On September 27, 2024, Protect Democracy filed an amicus brief in a case challenging California’s new political deepfake labeling law, AB 2839. The law requires those who publish deceptive deepfakes about candidates, election officials, elected officials, and voting machine companies within a certain proximity to an election to label those deepfakes. One day after Governor Newsom signed the bill, an individual who published altered videos of Vice President Kamala Harris sued California in a facial challenge to the law, claiming the law violates the First Amendment. He has now filed a motion for a preliminary injunction, asking the Court to enjoin the statute in its entirety.

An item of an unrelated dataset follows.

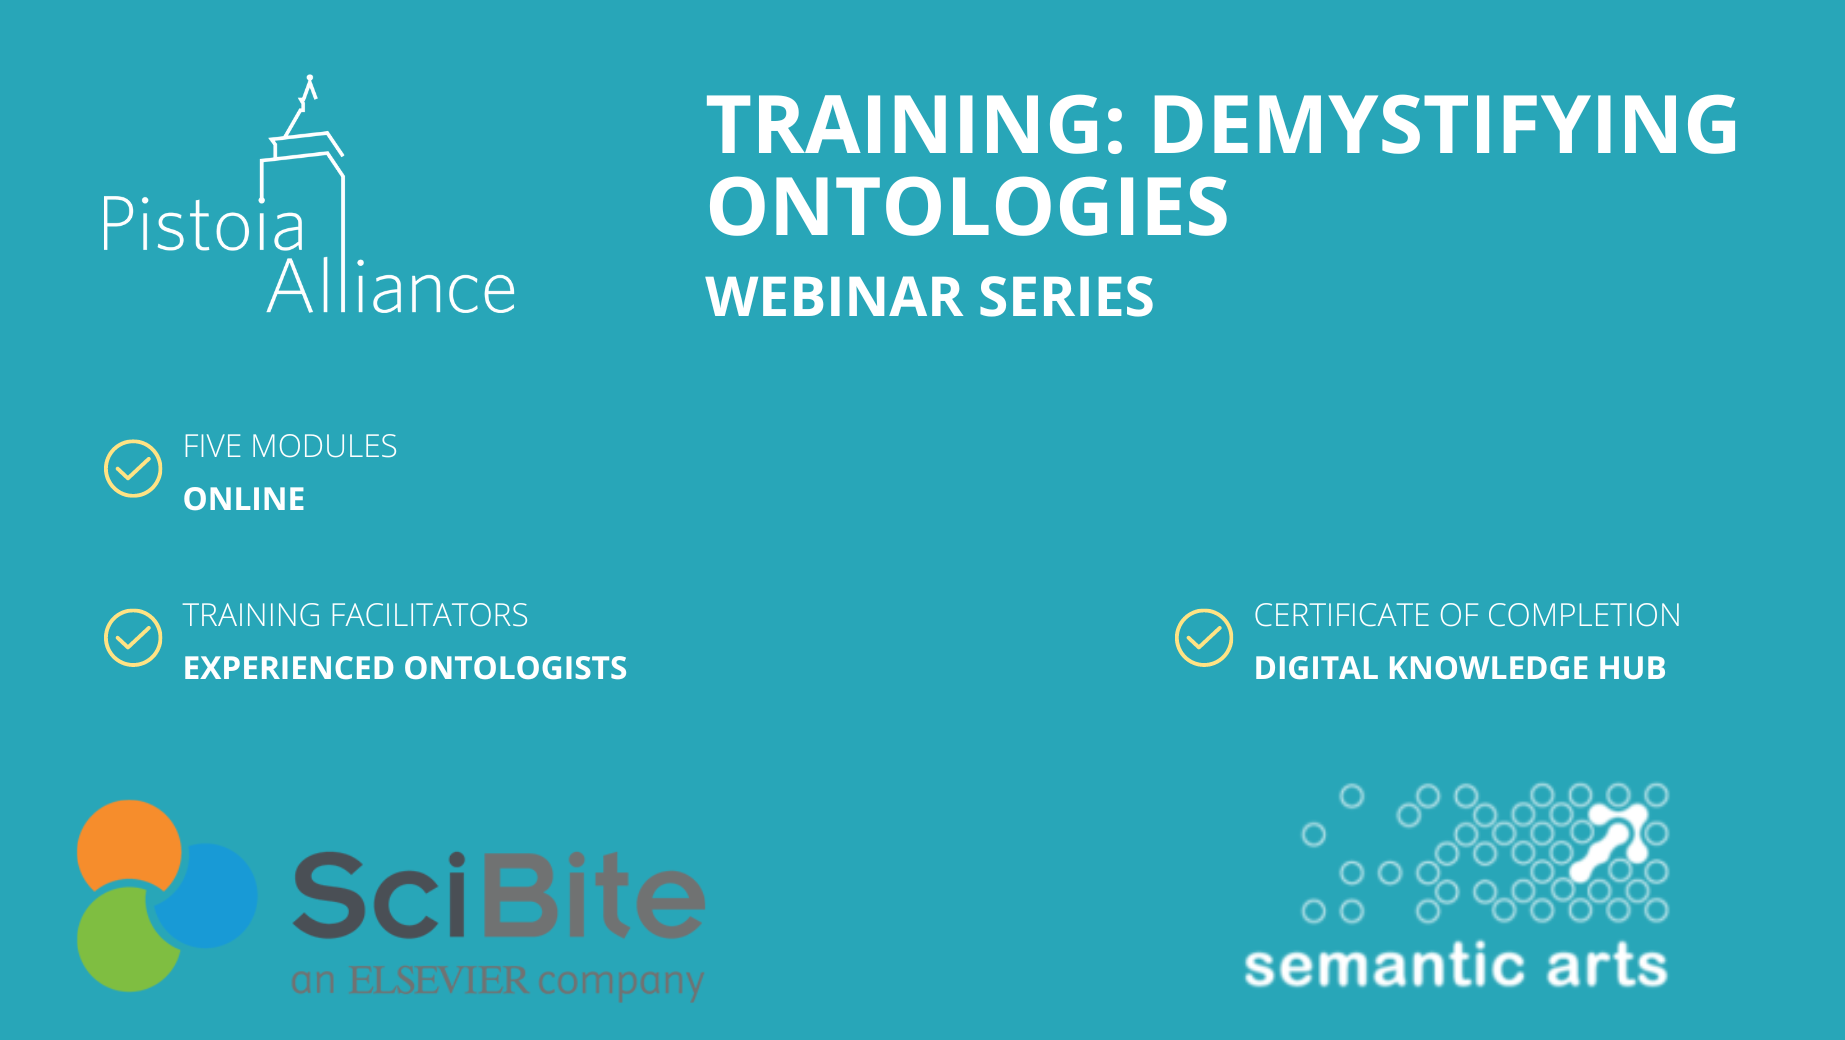 Training: Demystifying Ontologies for Life Science Leaders

Protect Democracy filed its brief in support of neither party, in the hope that, however the Court rules, it does not short-circuit the ongoing development of deepfake labeling laws around the country. An overly broad reading of the First Amendment’s protection for deceptive political deepfakes could hamstring legislators around the country. Protect Democracy’s brief explains that many political deepfakes are entirely unprotected by the First Amendment, and that many other political deepfakes may nevertheless be subjected to reasonable labeling requirements consistent with the Constitution.